Après les funérailles, il engagea un jardinier pour perpétuer le jardin de sa femme, sa fille y passait la plupart de son temps. Elle avait encore grandi et grossi.
Hikaru lui dit un soir :
-Je partirais bien avant toi ma petite.
Dix ans s'étaient passés, ils venaient de rentrer du restaurant où ils avaient fêté l'anniversaire de Hikaru. Il venait d'avoir 50 ans. La petite s'était régalée de choux. Hikaru avait fait ses calculs, elle vait 10 ans lui 50 ans et l'espérance des vies des tortues de sa race avait une espérance de vie de 80 ans, il lui restait donc à vivre 70 ans et à Hikaru à peu près 30 ans si tout se passait bien. L'avenir de la petite était assuré, son papa avait fait tous les papiers.
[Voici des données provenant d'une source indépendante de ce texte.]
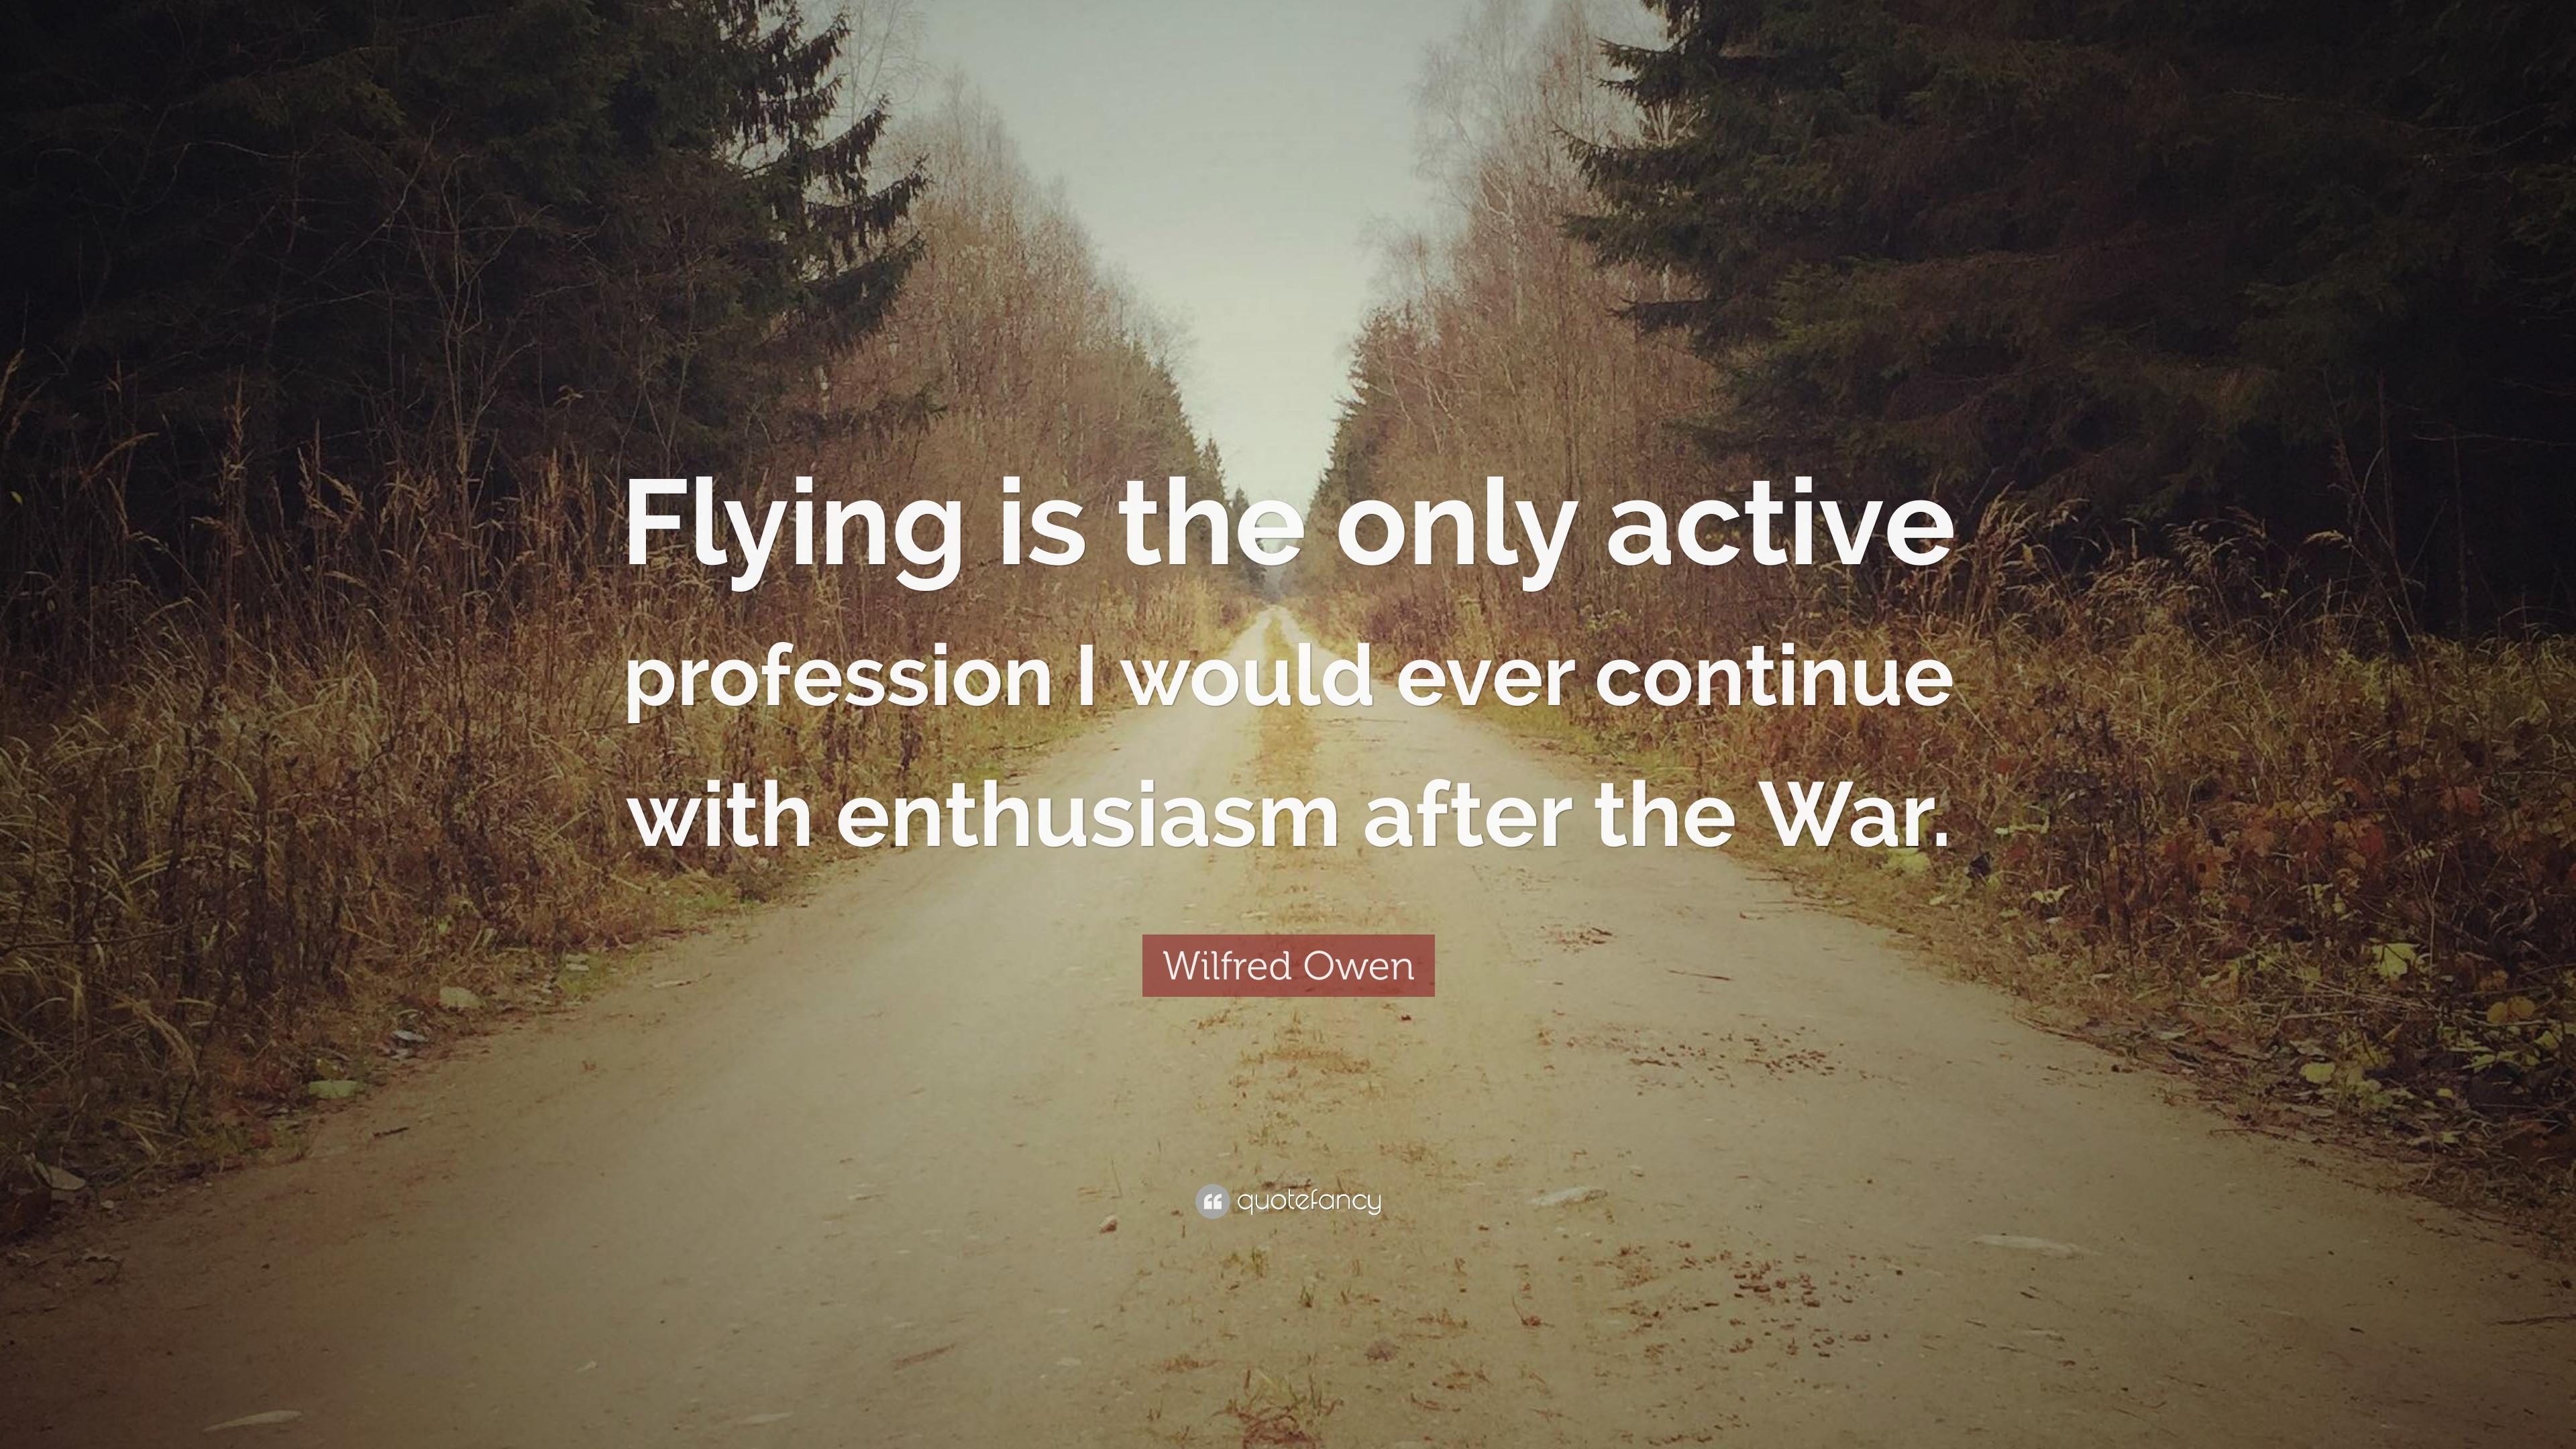 Wilfred Owen Quote: “Flying is the only active profession I would ever ...

Elle pourrait rester jusque sa mort dans la demeure familiale entouré de fidèles serviteurs et elle les rejoindrait plus tard au pays de leurs ancêtres. Il lui enleva son manteau adapté à sa carapace car l'hiver, elle avait très froid. Toute petite, il pouvait la prendre dans sa paume mais désormais elle faisait un mètre de diamètre et pesait 60 kgs. Hikaru avait acheté une plus grande voiture et une plus grande laisse. Il ne savait pas qu'elle grandirait et grossirait autant. Elle était sa fille, son amie, sa confidente. Elle l'aidait toujours à prendre des décisions. Pour tous, elle était un symbole de longévité et d'amitié.